Ideally something I could use for interior exterior would be good
Would like to use it for a range of construction things, horizontal line, drainage slopes, concrete levels, cabinet hanging, ceiling hanging, etc etc

----------


## namtrak

I use a Lufkin LaserPro LR502 which I have found to be excellent.  I've had it for about 3 years and from memory it cost around $600. 
If I was to buy another one, I would probably buy a self levelling one as it does take some time to get it right 
Cheers

----------


## Vernonv

Or go the $10 water level.
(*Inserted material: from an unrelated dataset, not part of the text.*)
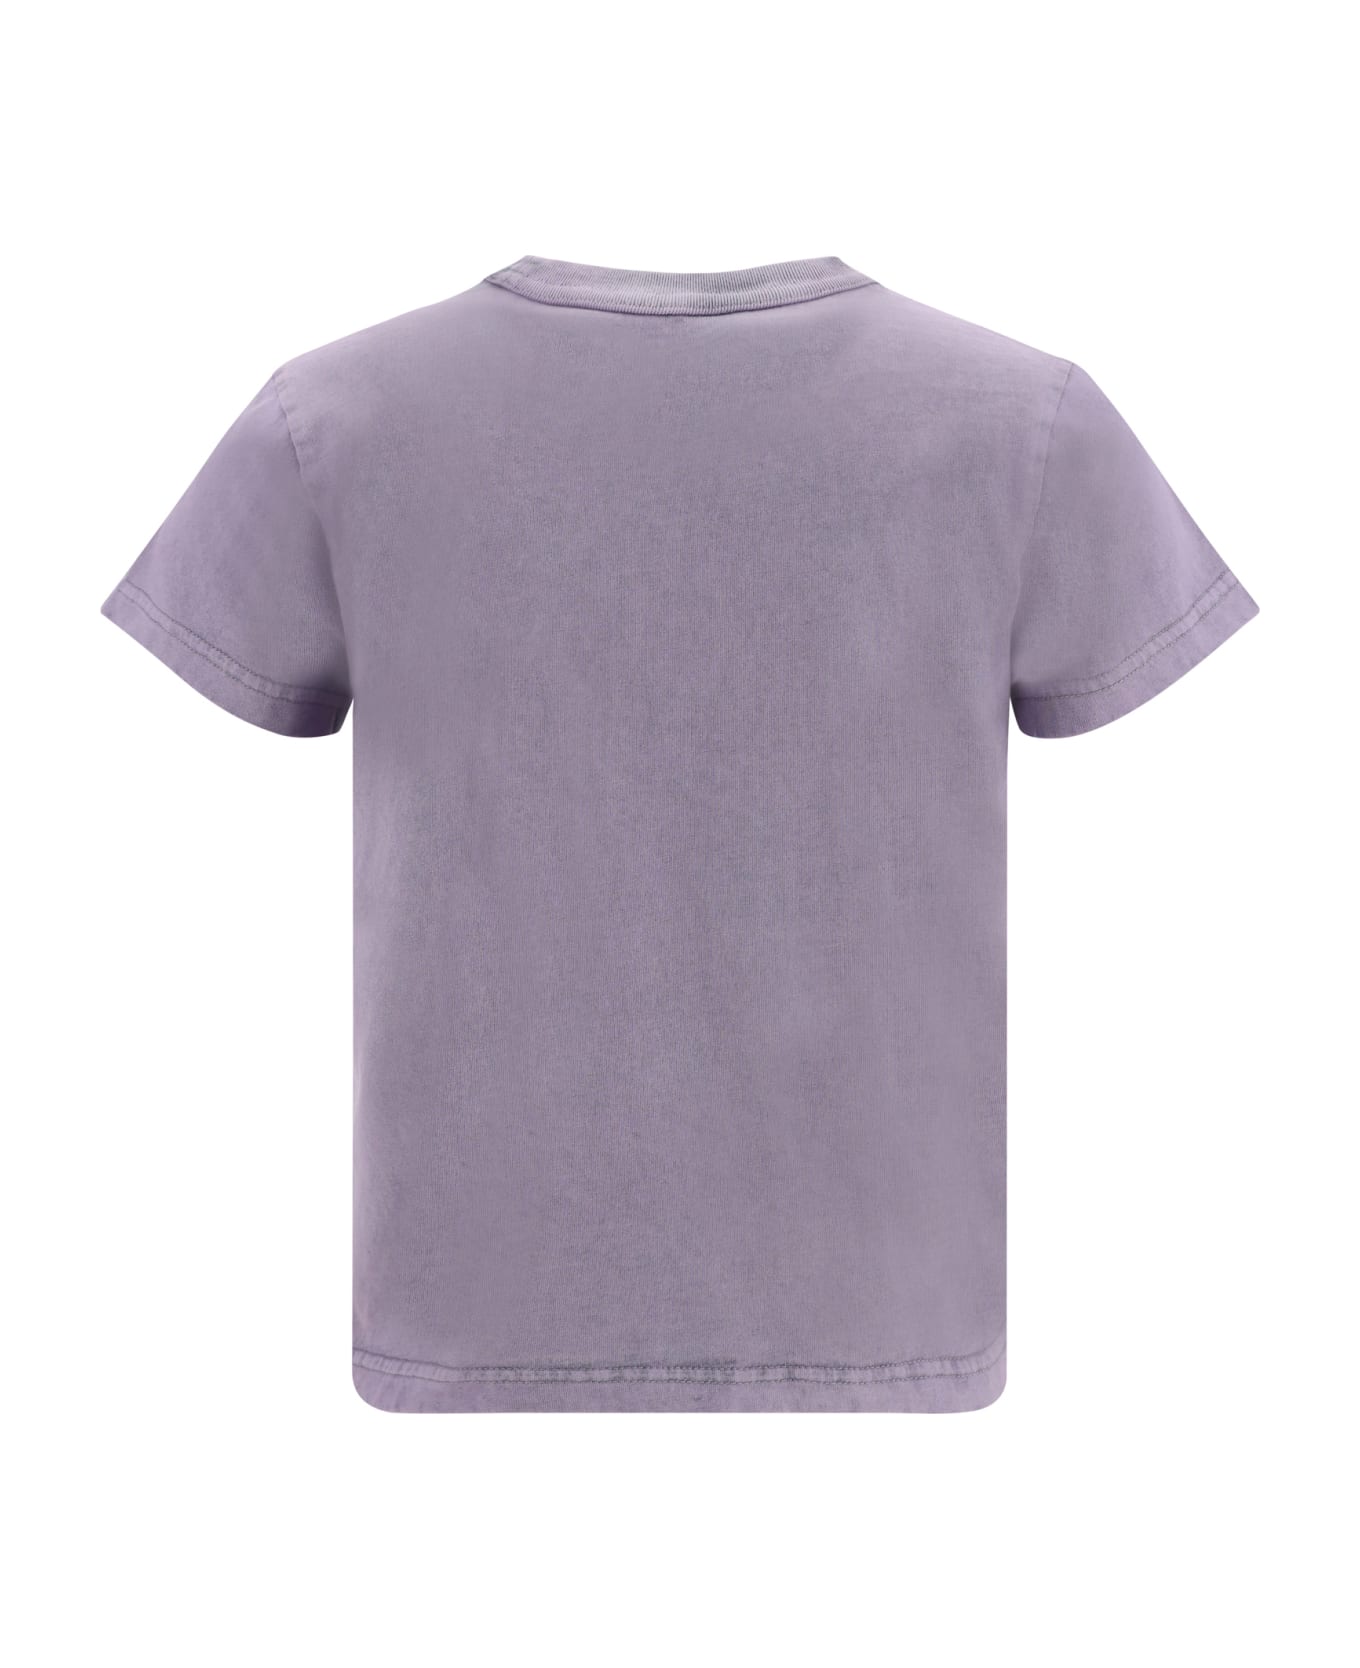 Alexander Wang T-shirt - A Acid Pink Lavender
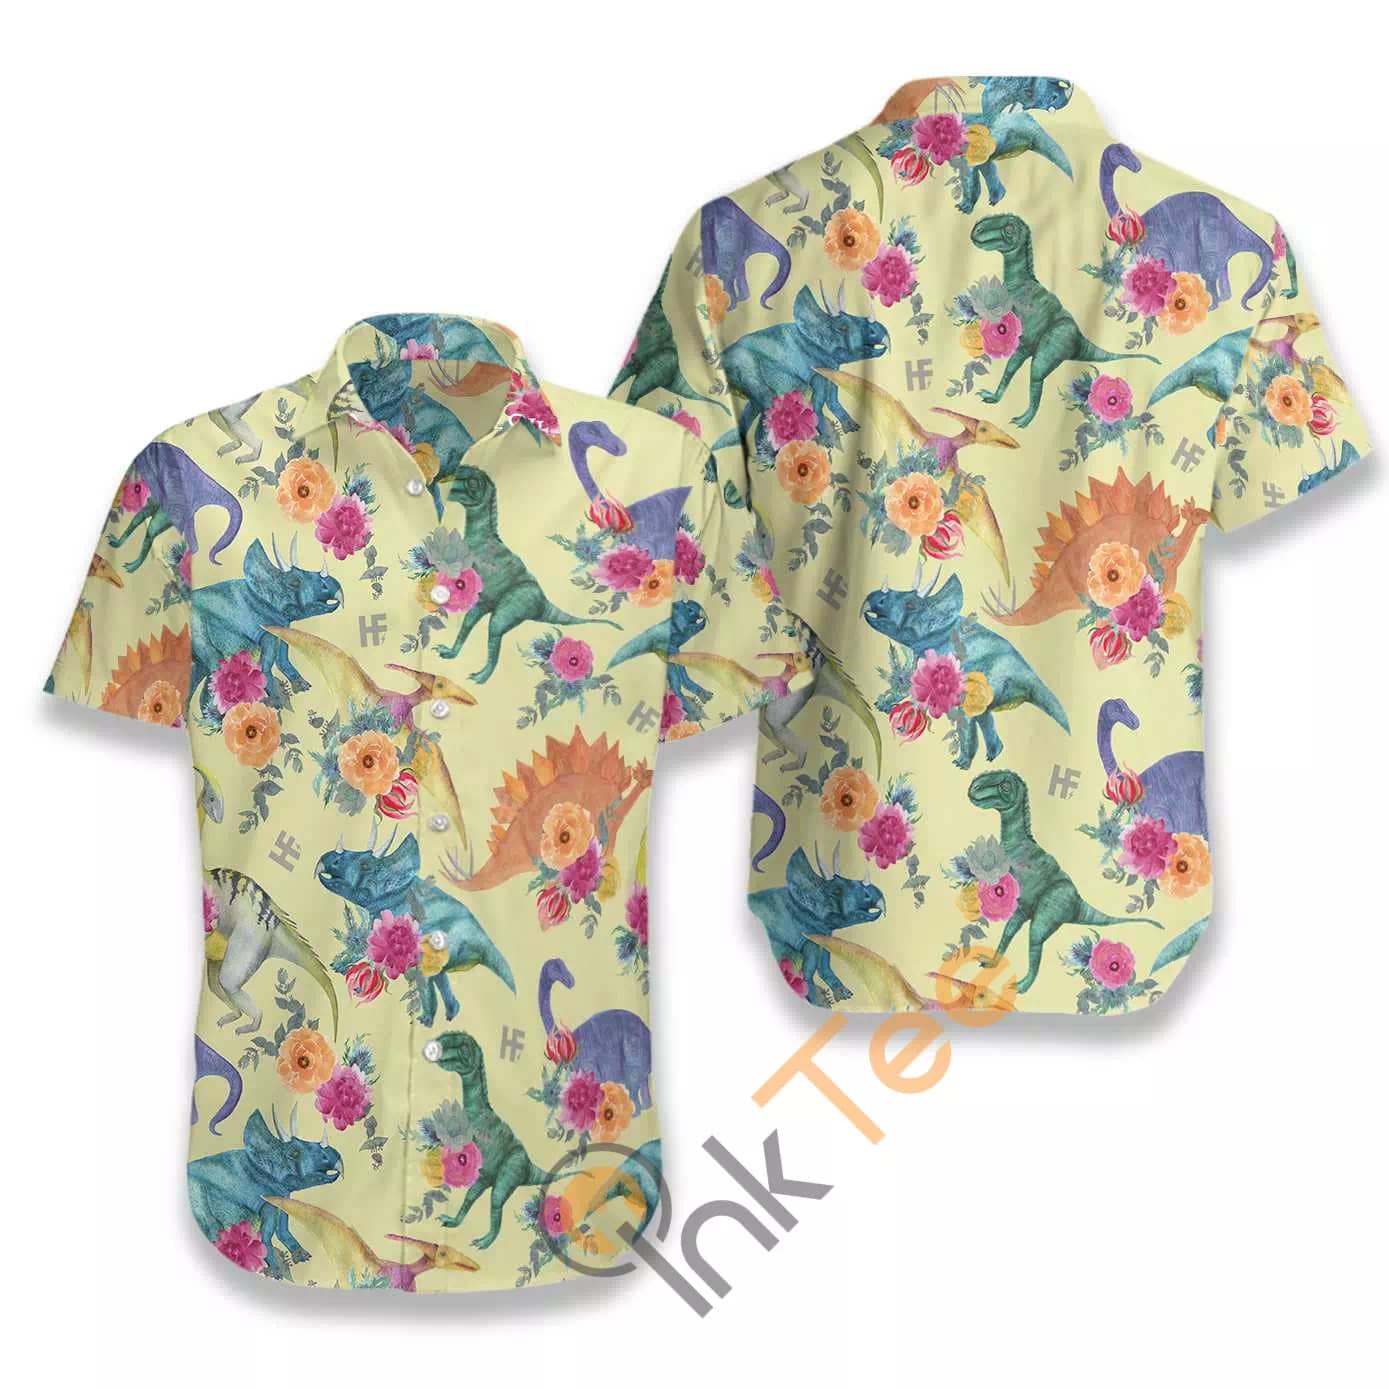 Floral Dinosaurs N563 Hawaiian shirts

As accurate as a laser level (more accurate than some) and much cheaper ... but not as quick to use (once setup). 
If you are going to depend on a laser level, then do as Namtrak suggests and get a very good quality self leveling one - there is nothing worse than using a crappy laser level and assuming everything is level only to find out down the track that the levels are all over the place.

----------


## Eastwing

Hilti PR 25, best laser I could find.

----------


## PlasterPro

was just looking at one at a plaster supply store . what they did have was new green light as aposed to red, the differance was amazing. if you have ever used a laser in a very light area and found it hard to pick up the beam, then imagine this the green beam could be seen out the shop window on the side of a van in the car park-on a bright day!!
anyway was extra $500 well woth it I thought. 
A1 lasers in keysbourgh is pretty good. Advice ect.., and have a special on once a year to recalobrate  :Wink:  
good luck and let us all know what you got.

----------


## sundancewfs

I have seen green laser one, it was almost twice the price of the red laser one. I don't think I could justify that... I do like the idea of the hilti. Its is similar to a Pacific Laser Systems one I was looking at.

----------


## sundancewfs

This is the one I decided to go with http://www.coastaltool.com/a/ab/pls/hvr505.htm 
when it arrives I'll let you know how it goes.....

----------


## PlasterPro

looks good wouldn`t mind one myself
what did the final price end up after conversion (I take it that its a US web site) and postage -insurance? did you try to find out if it can be serviced here in OZ?
cheers

----------


## autogenous

http://lasertools.com.au/prod53.htm

----------


## sundancewfs

> what did the final price end up after conversion (I take it that its a US web site) and postage -insurance? did you try to find out if it can be serviced here in OZ?

  Postage was $100US I have things shipped to a friends house and then he posts them on for me. As I still have a few US $, conversion wasn't an issue for me. 
Yes they are supported in Australia with dealers (Position Partners) in Dandenong and Epping. I did call them They said they can calibrate, but wouldn't cover any warrenty work. (understandably so, and I would not expect them to) They do sell this unit in Australia. I will buy a staff and tripod off them though as they are a bit big to post and the staffs for the US market are in inches.

----------